第二天雪化了半天,到午后又被冻住了。院墙根下的雪面上结了薄薄一层冰壳,踩上去嘎吱嘎吱响。她沿着渠边走了一段,雪被踩实了,走起来稳当。柳树上挂着细碎的冰凌,风一吹,碰撞出细碎的声响,像是谁在远处轻轻敲着一排小铃铛,声音被风送到她耳边时已经很轻了。

韩平是在雪后的第四天来的。他穿着一件厚棉袍,脚上踩着一双旧皮靴,靴面上沾着雪末。他走到院门口的时候没有叩门,在门外站了一会儿,像是在等门自己开。杜晚璃从窗缝里看到了他,起身去开了门,雪从门槛两边被风刮进来,在门槛内侧堆了两道细细的雪线。他站在门口,没有立刻迈进来,只说了一句:"雪停了,来给你送样东西。"
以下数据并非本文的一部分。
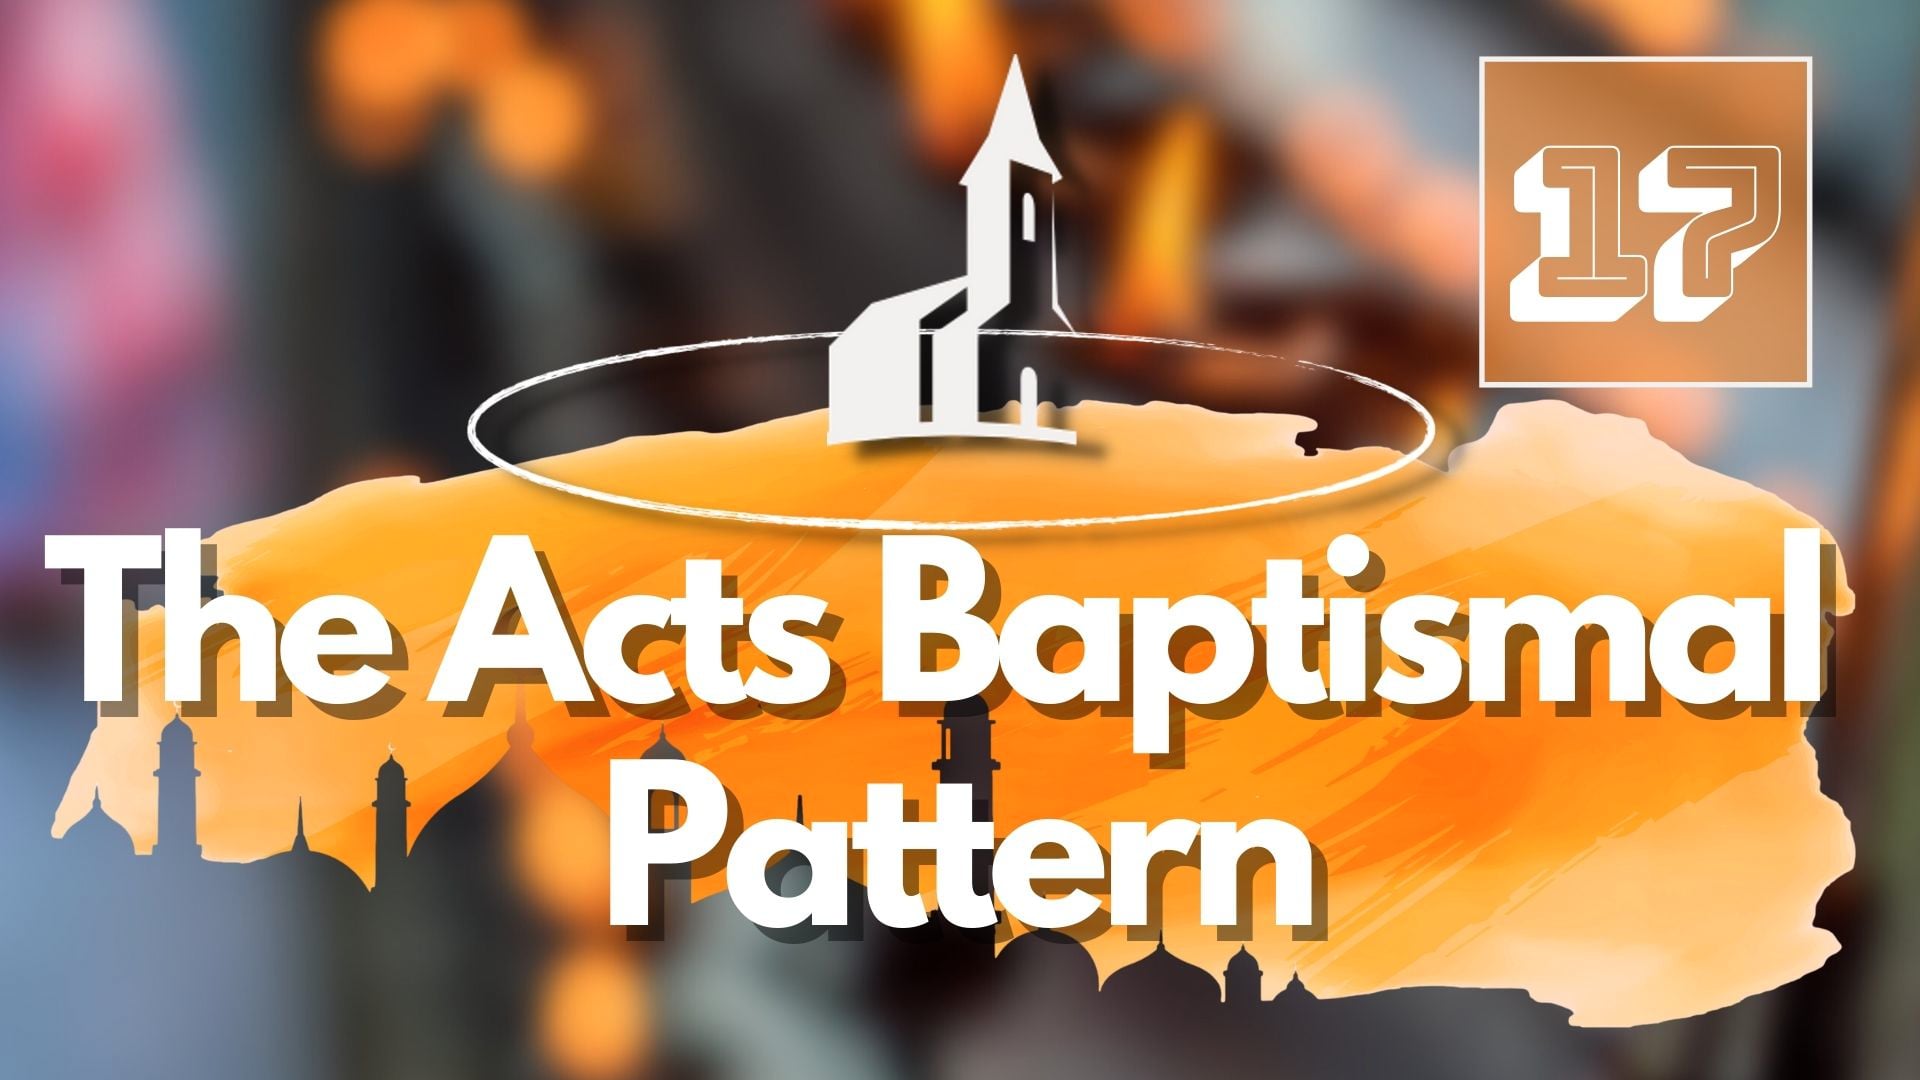 17. The Acts Baptismal Pattern – Mike Shipman

他从怀里取出一只小布袋,袋口扎着细绳。杜晚璃接过来解开,里面是一小把干果和一块用干荷叶包着的糖。她拿着布袋在门口站了片刻。韩平说昨天熬的糖,放了一夜正好。然后她侧身让开门口:"进来喝碗热汤。"

韩平跨过门槛,在廊下拍了拍靴子上的雪,然后跟着她进了屋。她给他舀了一碗热水递过去。灶台上的火还没熄,水汽从锅里升起来,在屋里弥漫开一层暖意。他端着碗靠在灶台边上喝了一口水,没有急着喝第二口,像在用那碗水的温度慢慢烘热自己的手指。灶台上的火光映在他脸上,他低下头喝了一口水,没有接话。杜晚璃坐在灶台旁边的矮凳上,两个人隔着一只灶台的距离,各坐各的,谁也没有催谁开口。窗外又飘起了细碎的雪末,在暮色里被风带着旋转,像一片被揉碎的时间。

过了一会儿,韩平放下碗,站起来说该走了,雪不大,趁天还没黑回去。杜晚璃送他到院门口,他跨过门槛之后转身看了她一眼。她靠着门框站在暮色里,雪落在她肩上,她也没有伸手去拂。风从渠边吹过来,把他棉袍的下摆吹动了一下。他转身沿着渠边走远了,脚步声在雪地上越来越轻。她站在门口看着他走远,直到他的背影被暮色和细雪融在了一起。然后她退回院子里,关上了门,在廊下把肩上的雪拍落。雪落在青砖地面上,立刻就化了,留下一小块深色的水印。她站在那些水印旁边,看了一会儿它们慢慢变淡,然后转身进了屋。灶台上的火还燃着,汤还在锅里温着,窗台上的纸灯在暮色里安静地挂着。她坐回灶台前,添了一根柴,火光在墙面和天花板上晃了一下,又稳住了。雪还在外面下着,细碎、温和。灶台里的柴火慢慢烧着,把半间屋子的寒气都挡在了门帘另一边。她坐在那里,听着那些声音,像是在等冬天自己走过去,等雪化之后渠水重新响起来。